My first year as a teacher, I stunk! I hope you don’t ridicule me for admitting it. I thought if I stood in front and explained, kids would listen and learn from me – but I was wrong. I needed to learn how to teach.

I struggled with everything, from classroom management to choosing meaningful assessments.  That year, my students learned in spite of me, not because of me. I’d joined teaching to make a difference, and I wasn’t making one yet – I needed to figure it out quickly or find something else to do.

That summer, I read every education book and studied tons of school acronyms. But it’s what happened at the start of the next school year that made the difference in my career: because of overcrowding, my class was relocated to a trailer.

The trailer housed four classrooms, two on each side with a single hallway. It wasn’t the most desirable place in the school, but it’s where I found exactly what my delicate career needed. Fate rescued me in that trailer.

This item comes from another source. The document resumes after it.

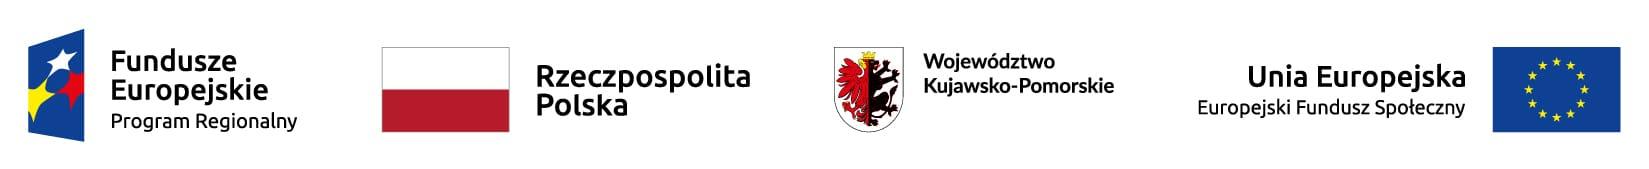 Finansowanie: Fundusze Europejskie Program Regionalny, Rzeczpospolita Polska, Województwo Kujawsko-Pomorskie , Unia Europejska Europejski Fundusz Społeczny

I was partnered with two effective, veteran teachers and one newer, struggling teacher. This provided exactly the right learning environment for me to improve. I could look across the hallway and see which strategies worked, and then glance at the struggling teacher and see what didn’t. In one year, I learned how to build student relationships, plan engaging and relevant lessons, and balance a commanding and nurturing presence in interacting with students – not to mention countless other attributes of an effective teacher that weren’t taught in any of the classes I took.

The amazing thing is that all of this happened organically, without any of us mentioning it.  In one year, I was fully transformed and my teaching career was salvaged. I emerged talking differently, walking taller, knowing I was making a difference.

What happened to the other struggling teacher? Last I heard, she was selling real estate. All she had to do was heed the conversations at our team lunches or imitate some of the modeling we were privy to, and things might have turned out differently.

Looking back, two things stuck with me. First, I deeply regret what happened to my newer colleague. I wish I’d done more to help her. I wish I’d felt confident enough at the time.

Second, I’ve realized my experience illustrates the formula for the most effective type of teacher mentoring. I don’t know if my principal had this outcome in mind when he placed the four of us together, but imagine how different teacher development would be if what happened to me became the norm. Could this strategy improve teacher retention? I think so.

What I’m describing is called tiered mentoring, and it’s not a novel concept. The best teachers will confirm that even as they progress in years, they maintain relationships with mentors they learn from and emulate. Likewise, those same teachers will tell you career growth comes from leading their peers – specifically newer teachers who are navigating the rigors and responsibilities of the profession.  The two can happen simultaneously.

This happens in some schools, for some teachers, but it’s not the norm. Most often, new teachers are paired with “master” teachers, chosen for their years of experience – not necessarily their effectiveness at mentoring.

There are at least two weaknesses in this approach. First, the new teacher often struggles to build a connection with the longer-serving teacher. There’s such a gap there, and the two teachers’ needs and perspectives are so different. They’re too far removed from each other to build the most meaningful type of relationship.

Second, what happens after the first year? Is the rookie assumed to be secure? Normally these teachers graduate from the mentorship program and are left to sink or swim. Not coincidentally, this is where we see the largest number of teachers leaving the profession.

If tiered mentoring was adopted universally, I believe it would correct the shortcomings of the current system, plug the hole in the teacher pipeline, and save us from losing more than 40 percent of new teachers.

I’m not suggesting we put all new teachers in a trailer. I’m saying veterans should mentor mid-career teachers, who would in turn mentor new teachers. All teachers would be actively engaged in the process, fostering career-long growth.  Teacher effectiveness is a journey, not a destination.

Tiered mentoring would give new teachers the support they desperately need – from someone who still remembers what it’s like to be new.